USGS scientists continue to monitor the Kilauea Volcano on the Big Island of Hawaii for any signs of eruption. While the volcano isn’t erupting at the moment, that could change soon; the summit region of the volcano continues to exhibit signs of heightened unrest with elevated summit seismicity.
“Inflationary tilt and elevated seismicity continue at Kīlauea’s summit,” wrote USGS scientists at the Hawaiian Volcano Observatory (HVO.) “Daily rates have been variable, but over the past several months, both deformation and seismicity have been elevated beyond observations preceding the January 5, 2023 summit eruption. Earthquake rates remain elevated beneath Kīlauea summit and Nāmakanipaio. Over the past 24 hours, 93 earthquakes were located beneath Kīlauea summit, with an increase in number overnight. Most of the earthquakes have been smaller than magnitude-2 and not reported felt. The most recent sulfur dioxide (SO2) emission rate of approximately 120 tonnes per day was measured on May 26, 2023. ”
While the Summit area shows continued signs of unrest, HVO adds there has been no unusual activity observed along the East Rift Zone or the Southwest Rift Zone; steady rates of ground deformation and seismicity continue along both. Just five years ago, Kilauea erupted in the populated East Rift Zone, destroying homes and entire communities along the northeast coast of the Big Island of Hawaii.
While there is no eruption yet, there are numerous hazards in the area. HVO warns, “Significant hazards around Kīlauea caldera include Halemaʻumaʻu crater wall instability, ground cracking, and rockfalls that can be enhanced by earthquakes within the area closed to the public.
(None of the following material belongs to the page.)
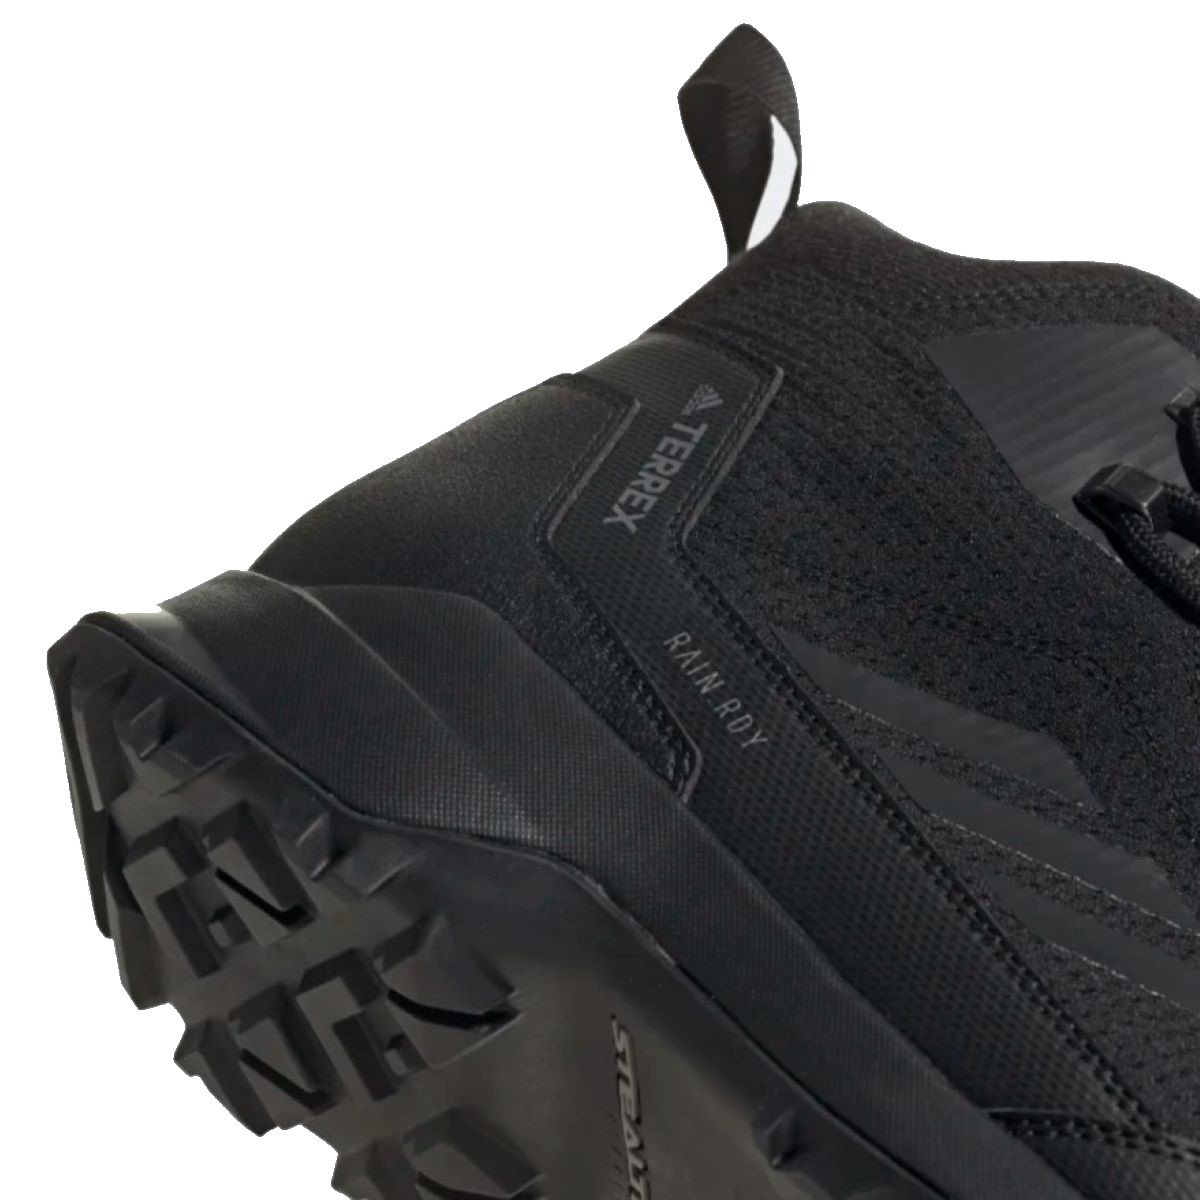 Obuv Adidas Terrex Frozetrack Mid M - černá

This underscores the extremely hazardous nature of the rim surrounding Halemaʻumaʻu crater, an area that has been closed to the public since early 2008. ”
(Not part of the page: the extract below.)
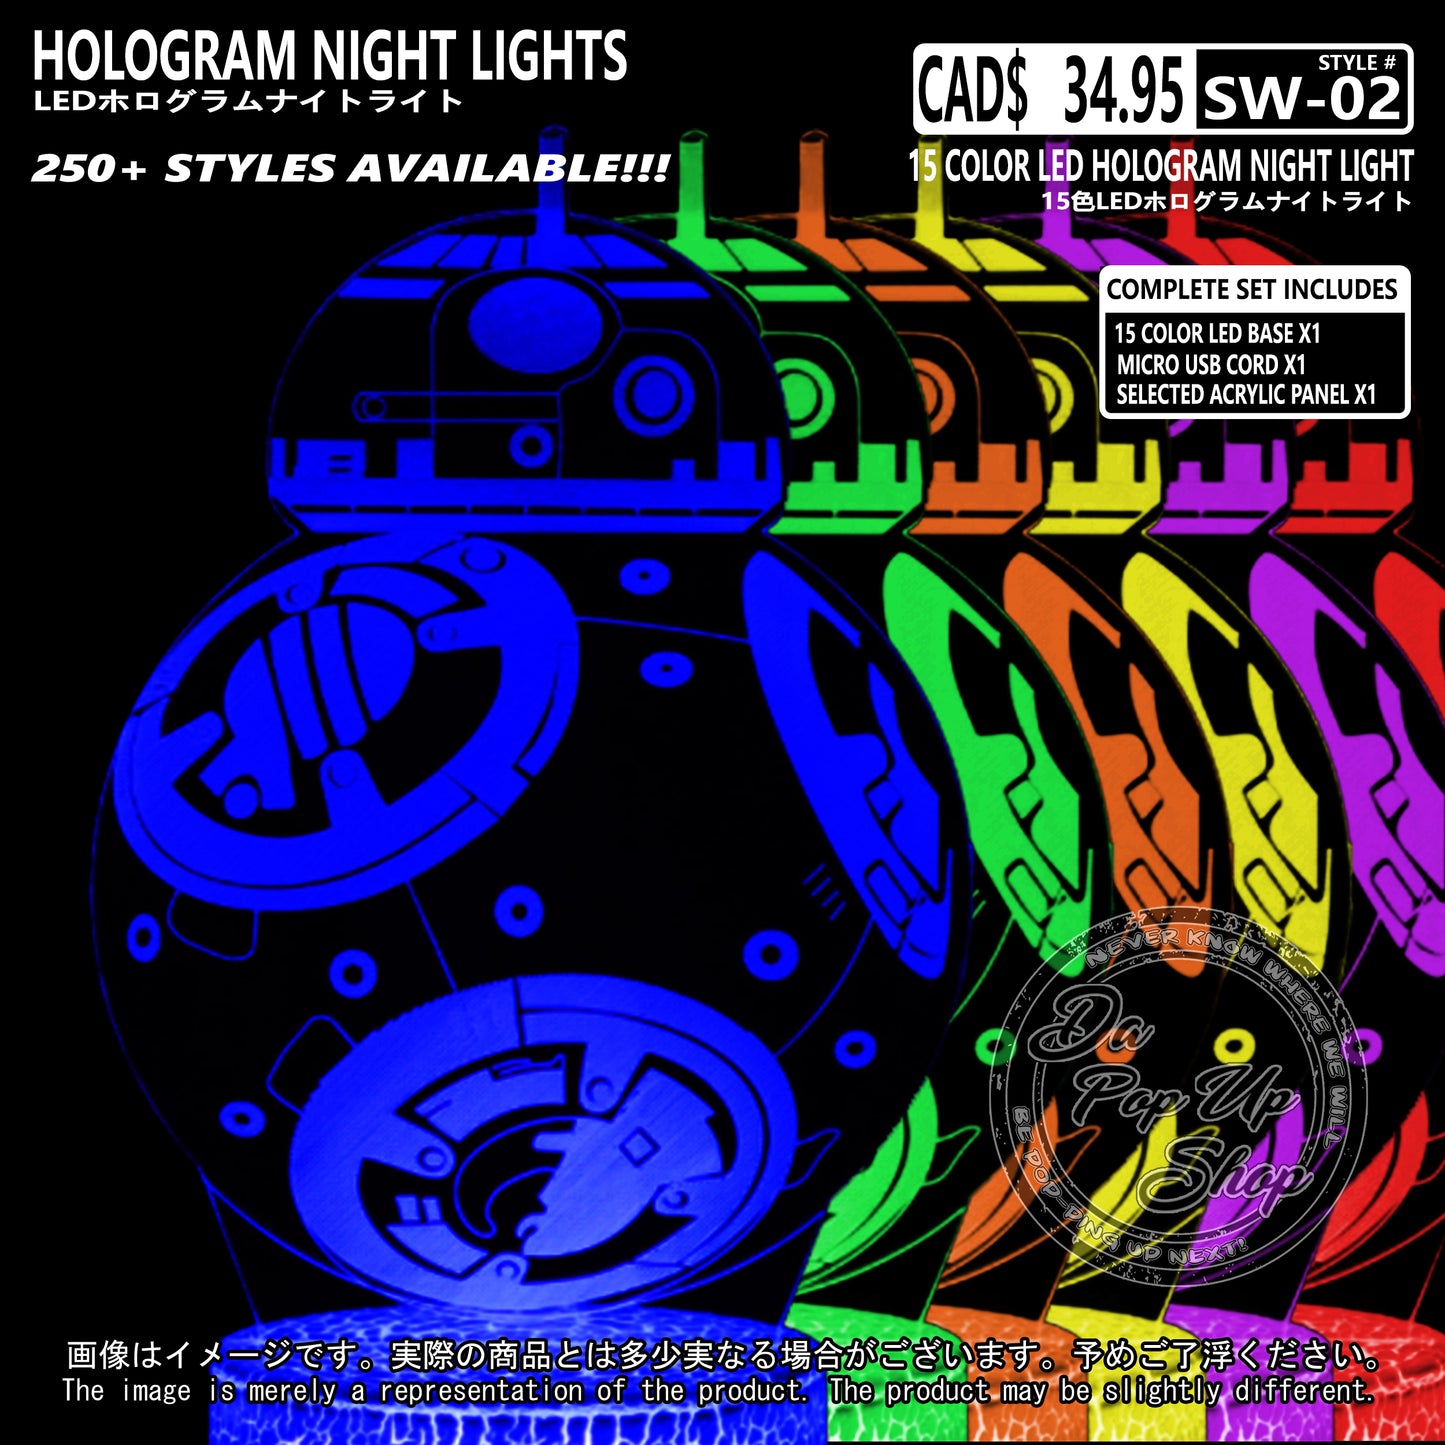 (SW-02) BB-8 Star Wars Hologram LED Night Light

The summit of Kilauea is contained entirely within Hawaii Volcanoes National Park. While Mauna Loa Trail, the summit cabin and wilderness area above Red Hill Cabin remain closed due to hazards from the November/December eruption of the Mauna Loa eruption, all park roads and front country trails are open. Park staff do warn visitors though, “It is critical to stay on trails and in designated overlooks. Concealed sinkholes, unstable cliff edges and earth cracks, volcanic gasses present hazards.”